Knowing all this hasn’t entirely stopped me from posting pictures of my hikes, but I do it a lot less frequently. Accurately identifying the culprit gives my digital-discipline project a different kind of energy—sorry, Mark Zuckerberg, you’re not making money off me today. I don’t always win this battle—in fact, I lose it lot—but I’m at least better prepared for it. And when I do slip up, I forgive myself. I refuse to accept the blame for the problem created by the engineers on the other side of the screen.

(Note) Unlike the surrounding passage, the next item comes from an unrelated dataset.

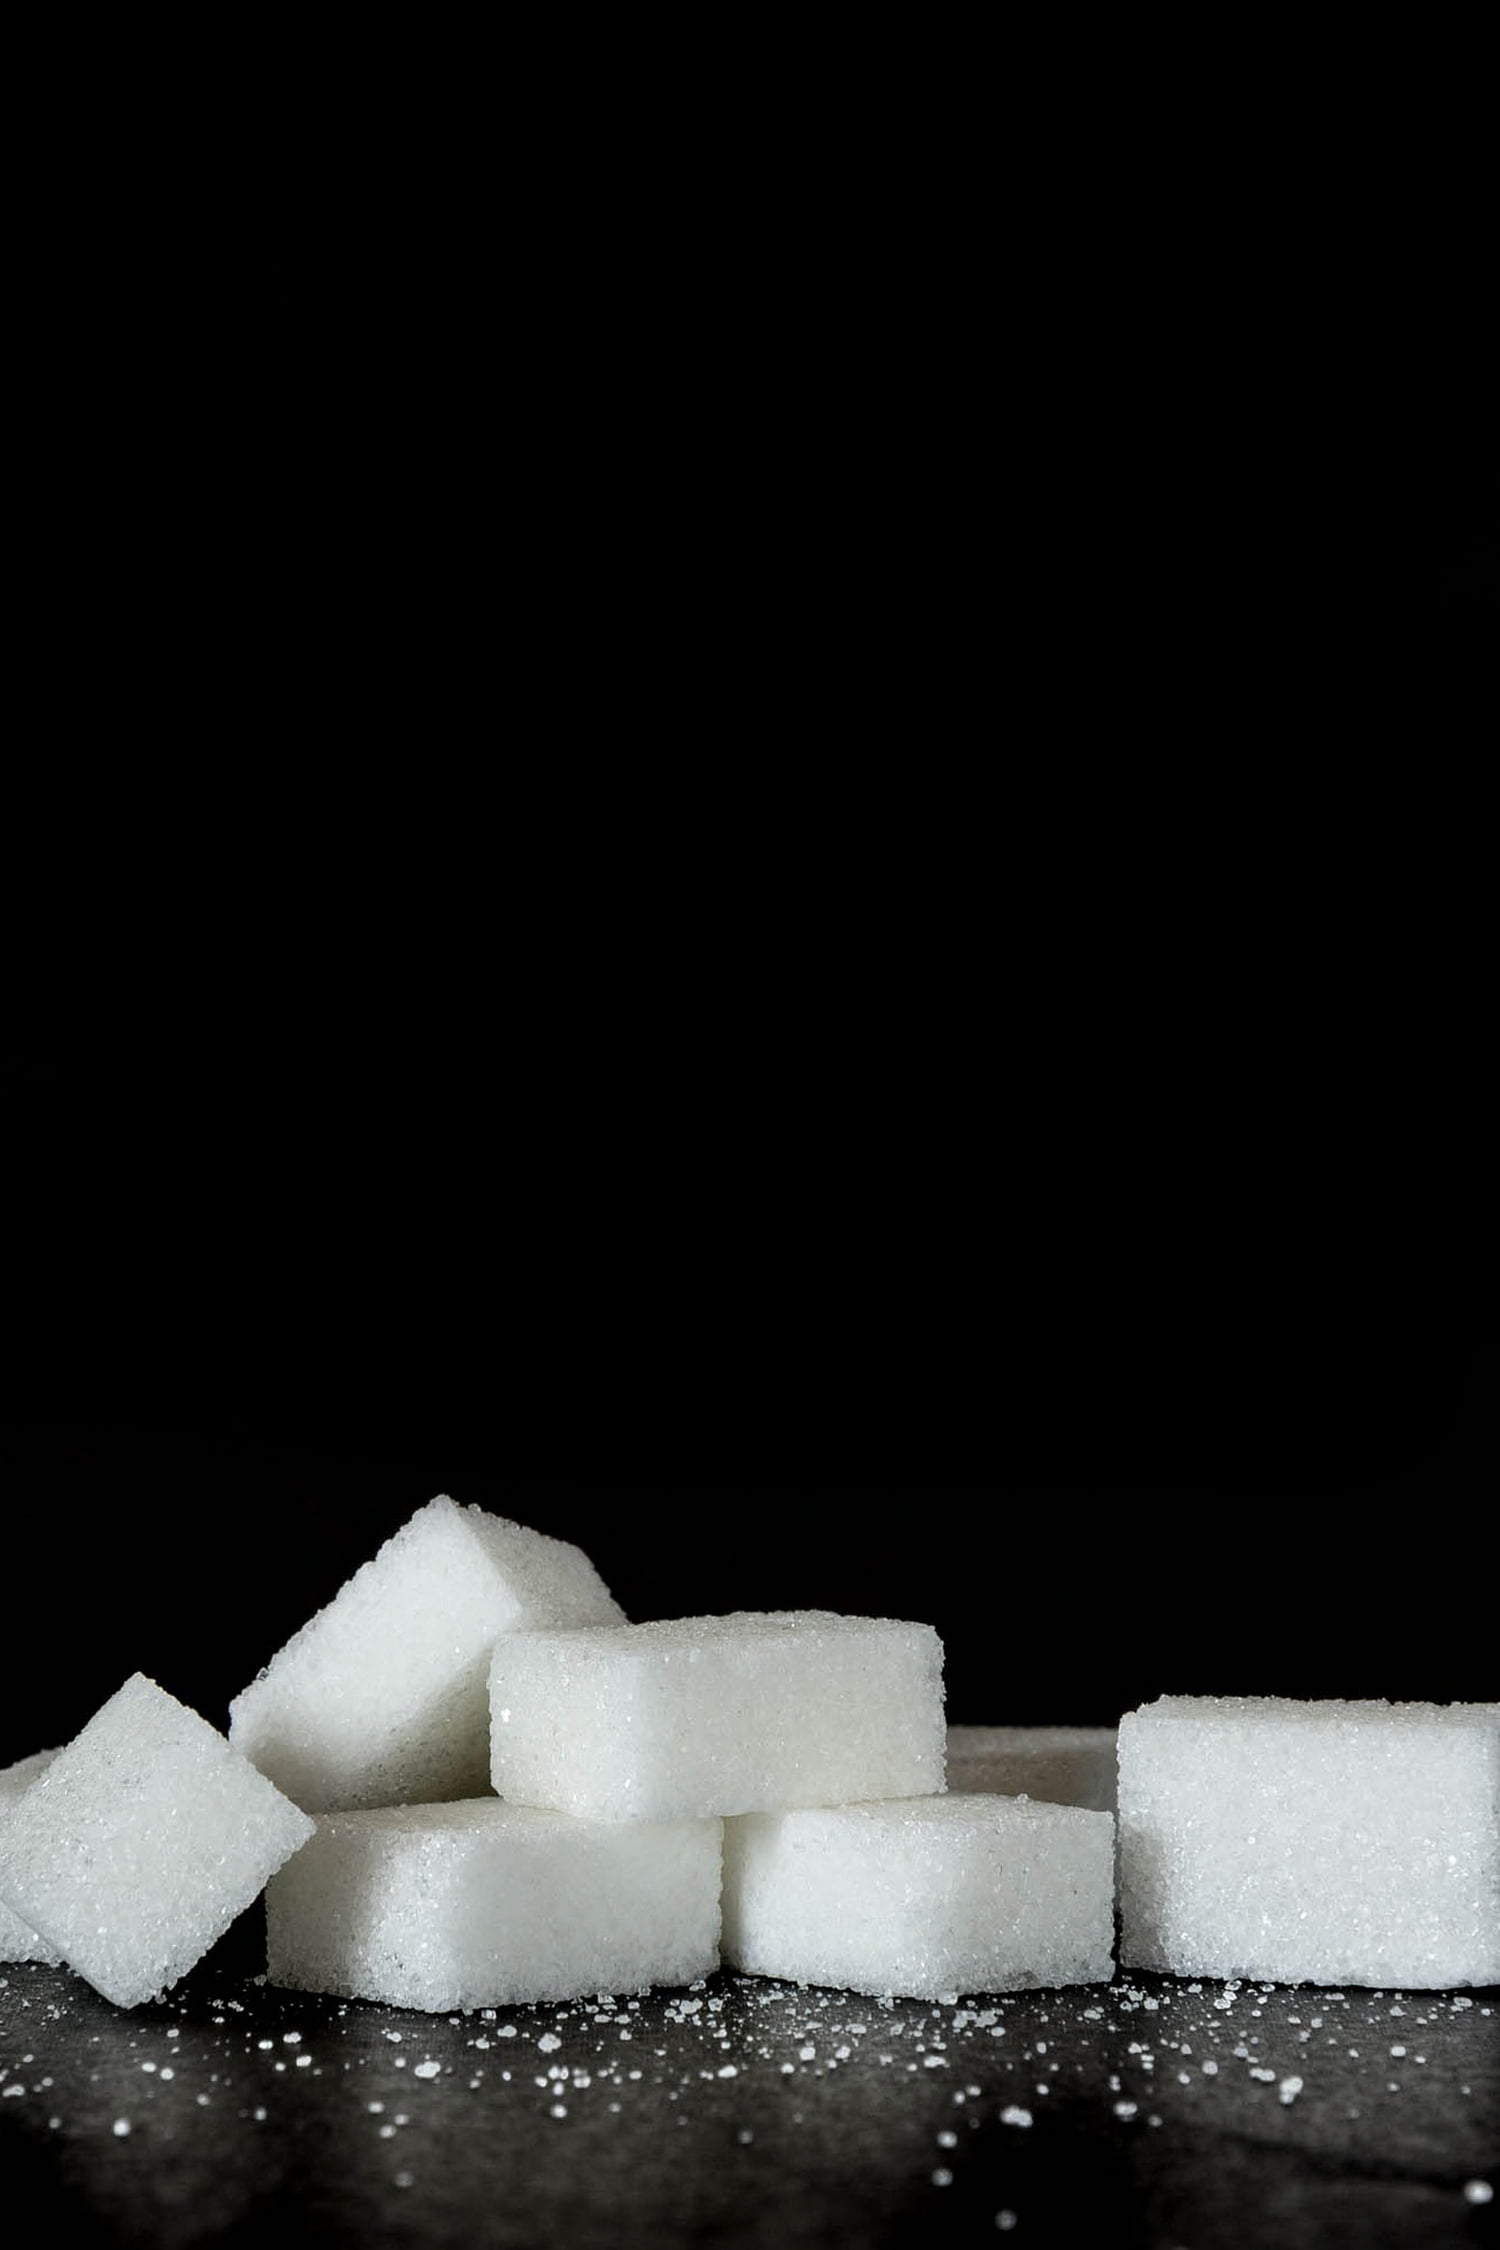 Sugar cubes in front of a black background.

I see the irony. I’m posting this on a technology platform owned by rich guys, in a newsletter I hope to make economically sustainable—that is, to monetize. I want you reading my material, and I should want you spending time on the platforms that get you to this page—be it Facebook, email, or another Substack. (When a friend recently told me Substack sends out push notifications to get frequent users to become paid subscribers, I said, “Good!”) When you like, share, comment or subscribe, you enhance my financial prospects. If you go hiking with your dog, I get squat.
I used to torture myself about this sort of thing, but now I see that it’s a trick of the powerful to wave their hand at any and every societal ill and say we’re “all” to blame. Yes, it’s terrible that the senator who has taken more money from fossil-fuel companies than any of his colleagues dictates our climate change policy. But are you one to criticize if you took a flight to your cousin’s wedding in Phoenix last month? Yes, you are.
You can criticize tech companies even as you use their services, and if enough people do this maybe we could even make them better. I’m sure most of those one-thousand engineers don’t want to hurt people, and if we had laws requiring their employers to behave more responsibly, they’d probably sleep better, too.
Tell me about your relationship with your devices. Do you think they’re hindering your ability to concentrate, or are they just useful tools that make life easier (or some combination of both)? Do you think you spend too much time on them? Have you ever tried to cut down on your screentime? Did it work?
"Social media companies don’t want you to go out and have fun with your friends—they want you to look at pictures of your friends having fun without you."
I'm so glad you said this; it makes me feel less pathetic and unable to control my weak, doom-scrolling urges and more inclined blame a corporation who doesn't care how much sleep I get.